═════ Given information

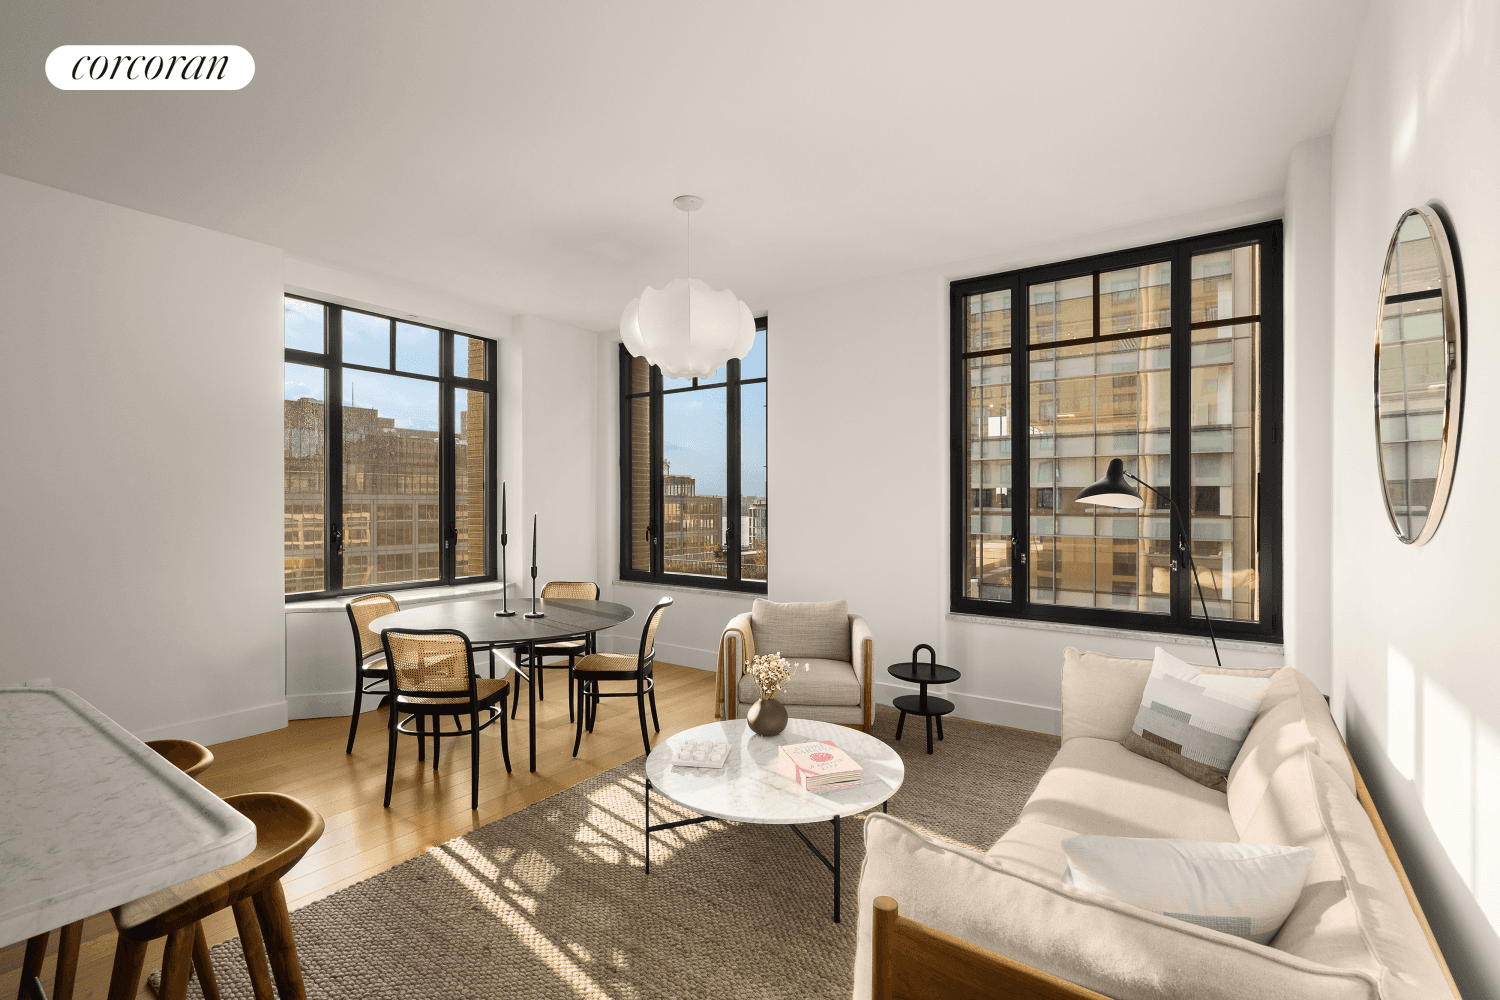 Over 90 Sold ! Immediate OccupancyResidence 20D at Greenwich West is an exceptional three bedroom two and a half bathroom condominium home which offers South, East, West, and North exposures ...
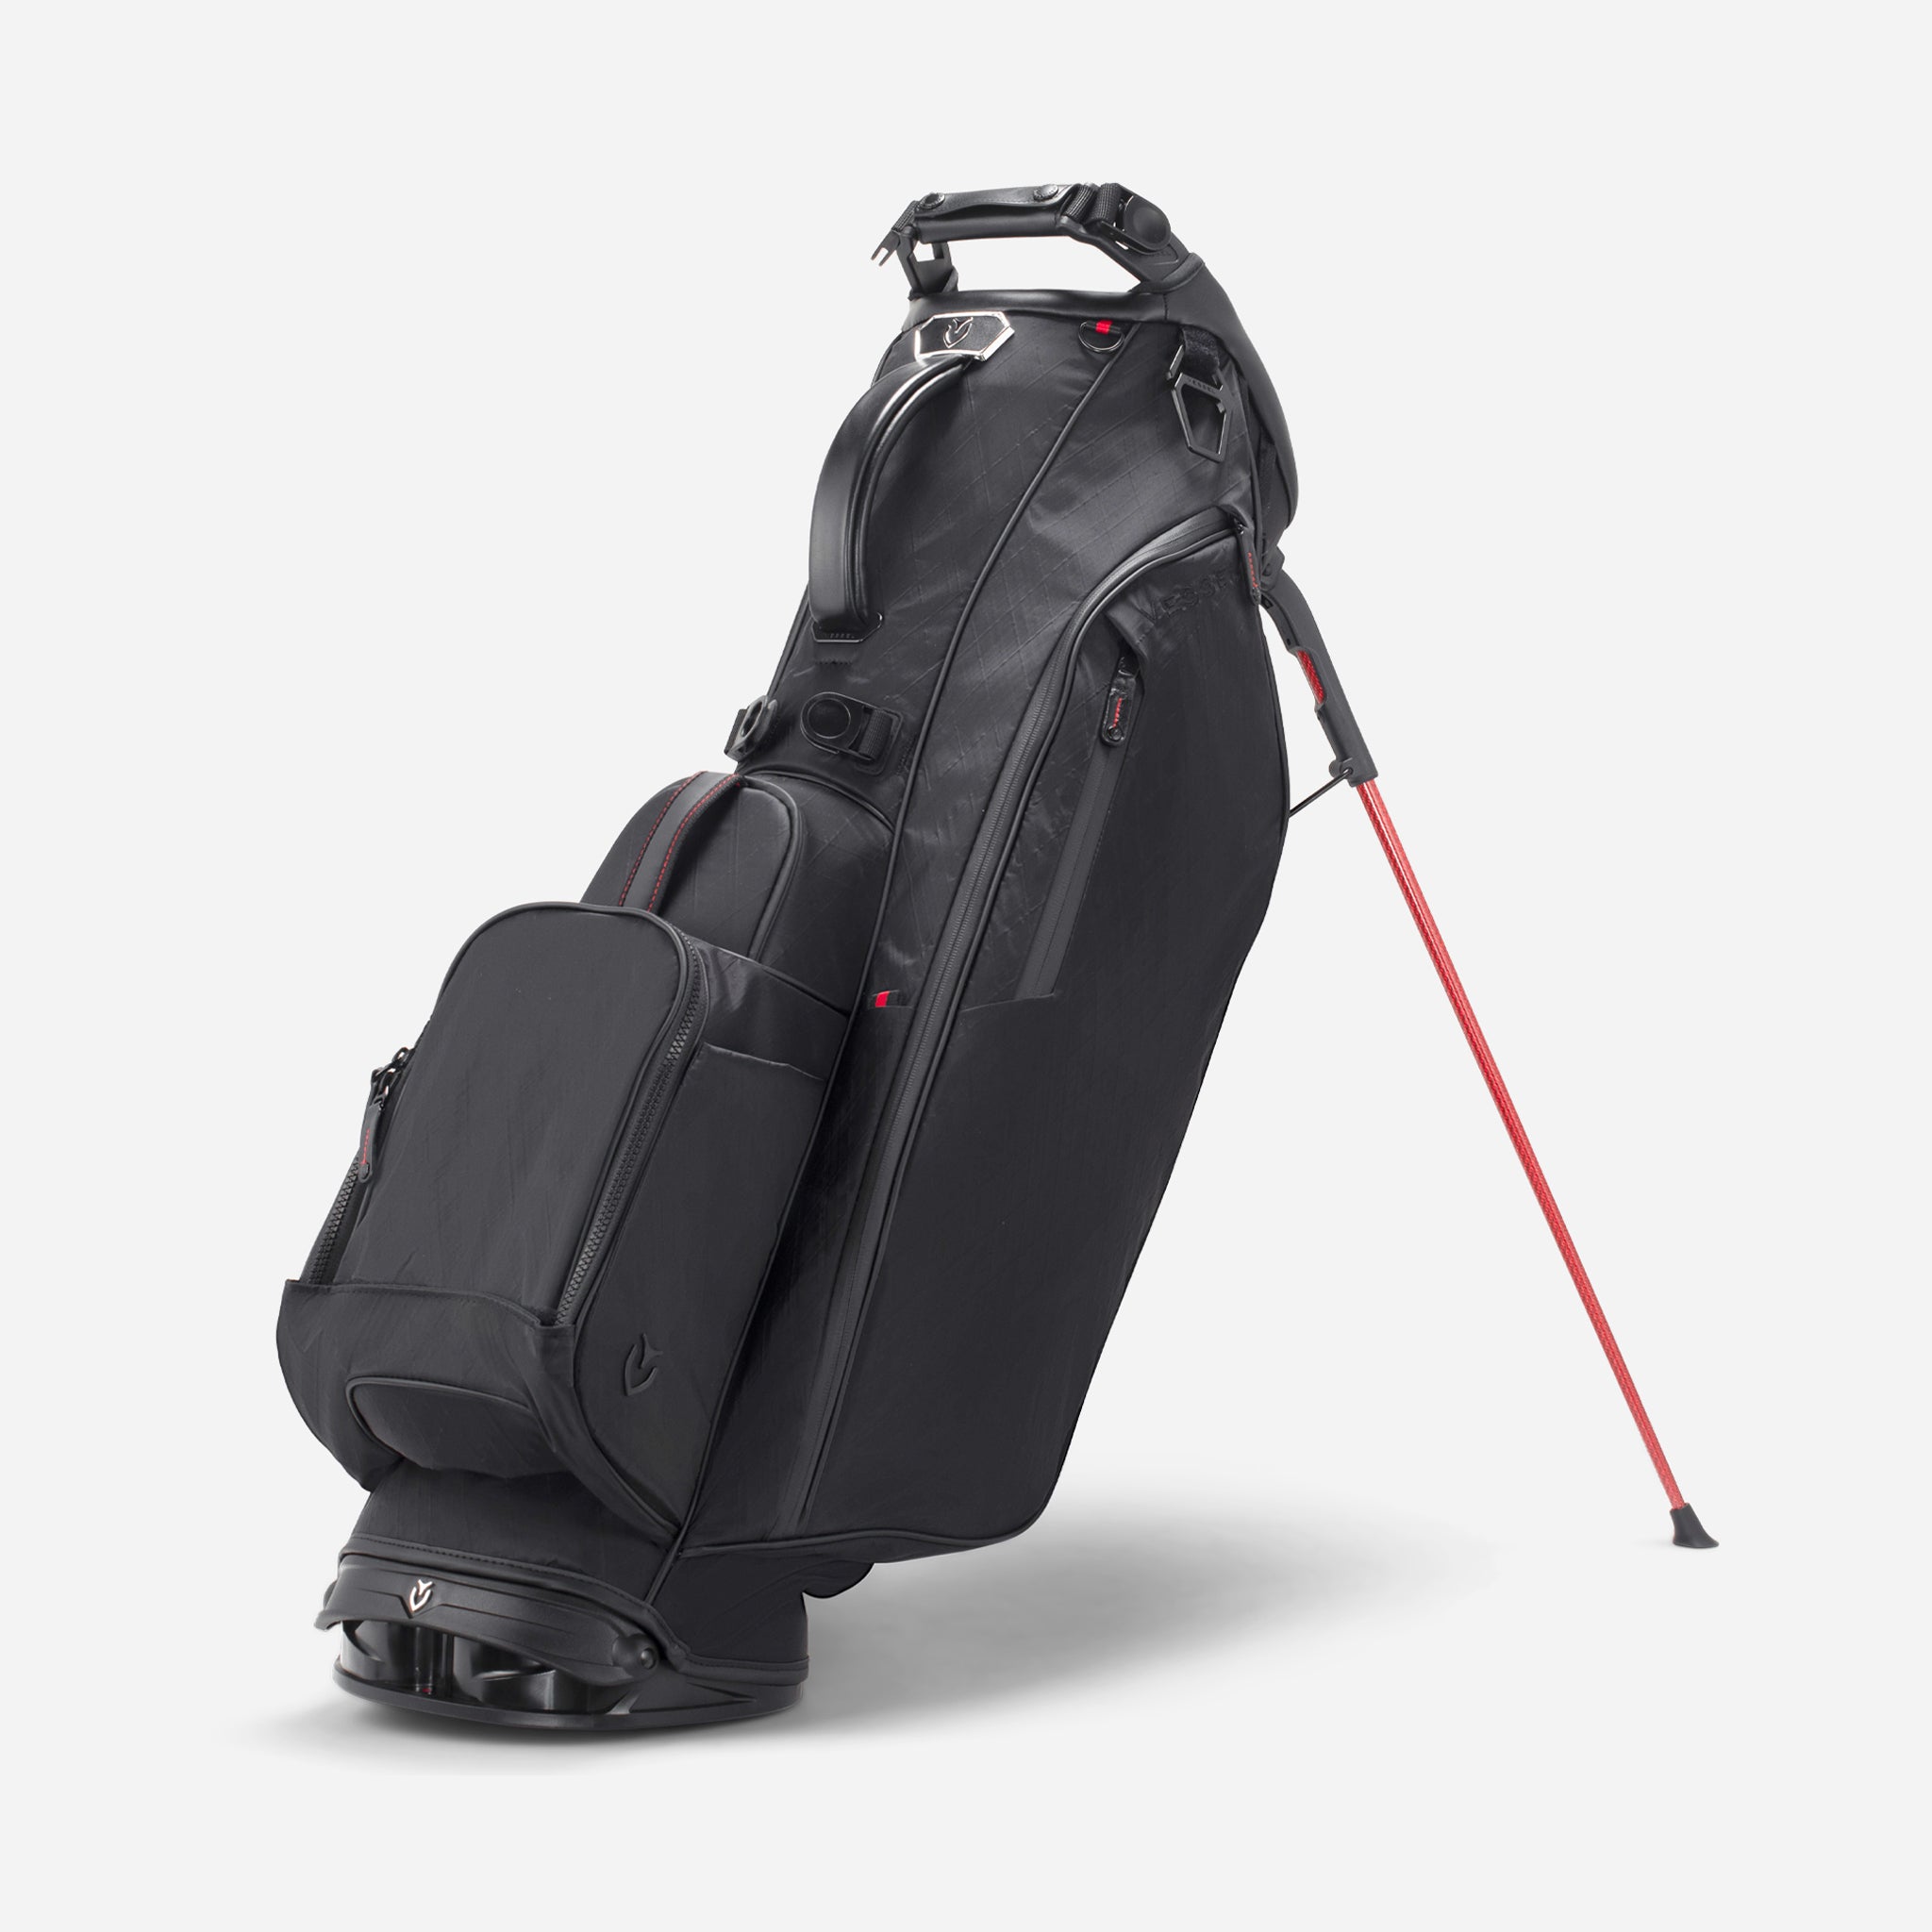 Vessel PLAYER III STAND (3.0) - Golf Bags/Carts/Headcovers - GolfWRX
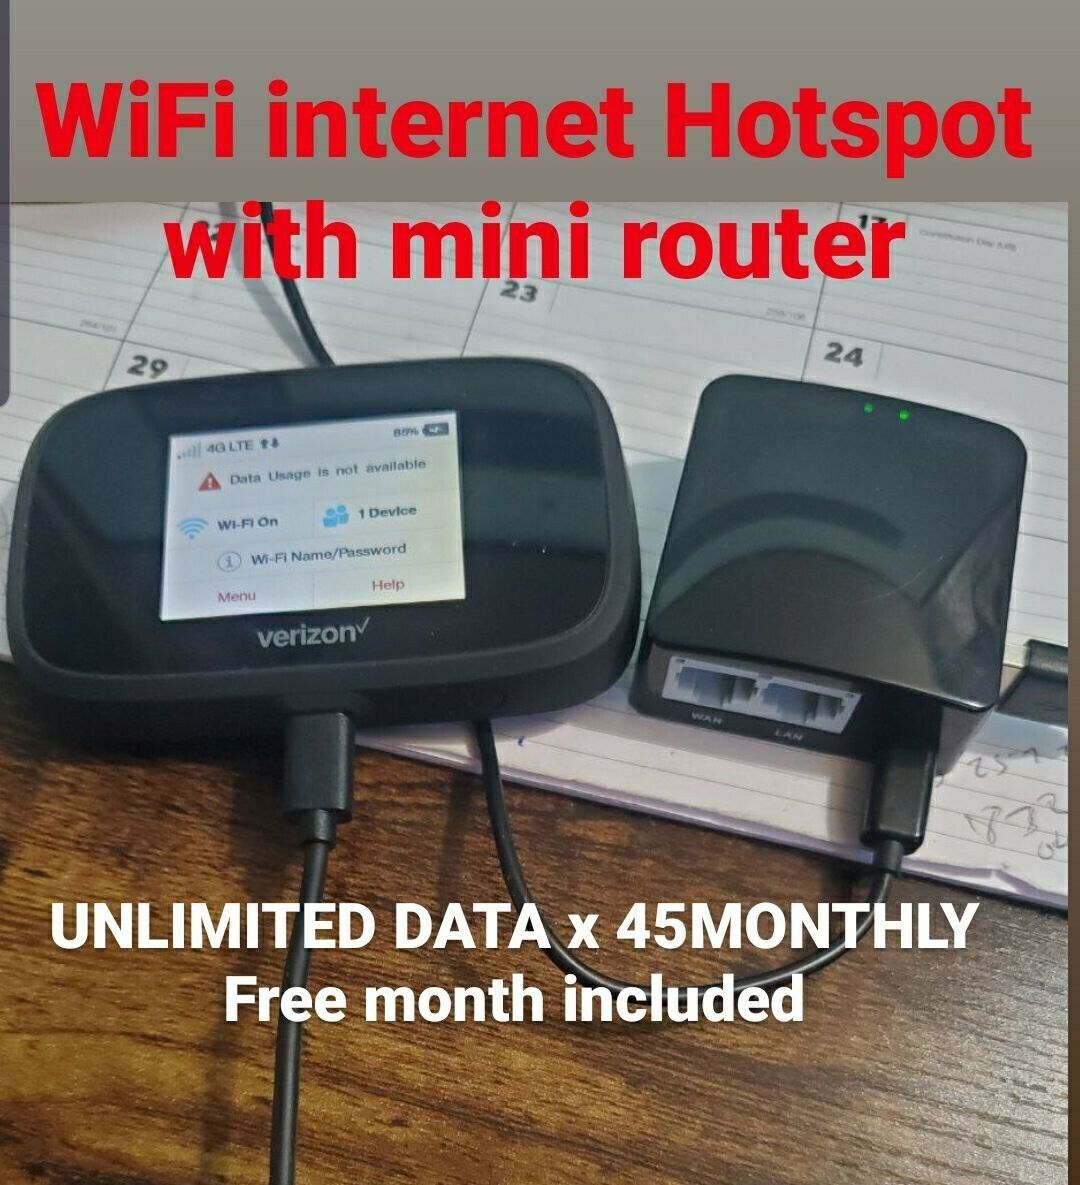 wifi hotspot unlimited service Data 45monthly with mini router free monthservice
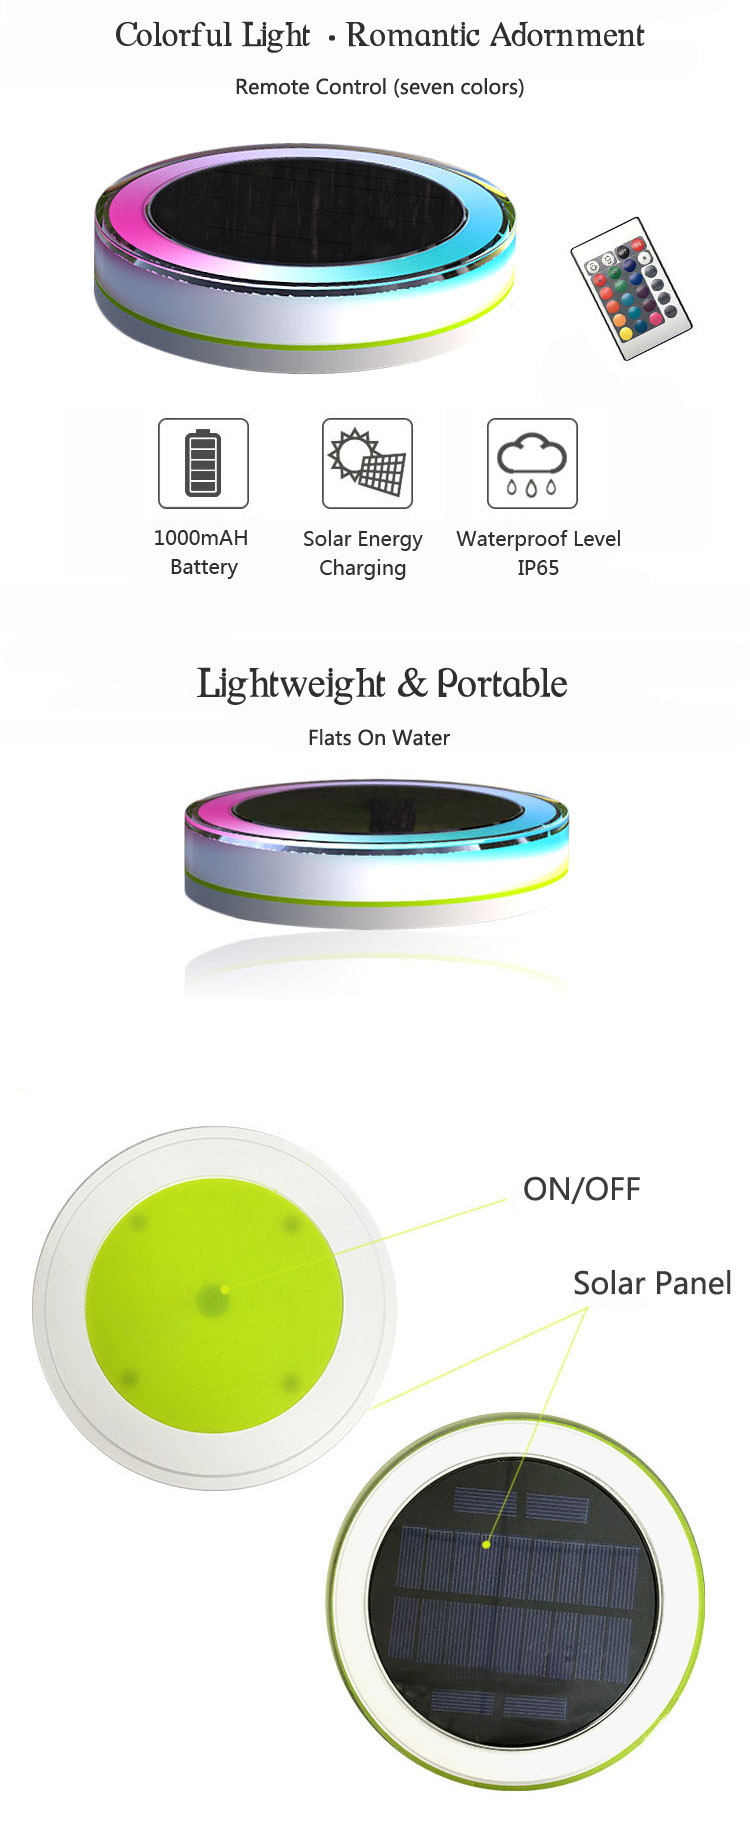 Remote-Control-Solar-Power-LED-Colorful-Swimming-Pool-Light-Garden-Waterproof-Floating-Lamp-1075600-6

══════════

**Work order:** Print, exactly and only, the lines running from the line with "Vessel PLAYER III" through the last line of the data, including both. Skip any picture.

**Problem solution:**
 Vessel PLAYER III STAND (3.0) - Golf Bags/Carts/Headcovers - GolfWRX
 wifi hotspot unlimited service Data 45monthly with mini router free monthservice
 Remote-Control-Solar-Power-LED-Colorful-Swimming-Pool-Light-Garden-Waterproof-Floating-Lamp-1075600-6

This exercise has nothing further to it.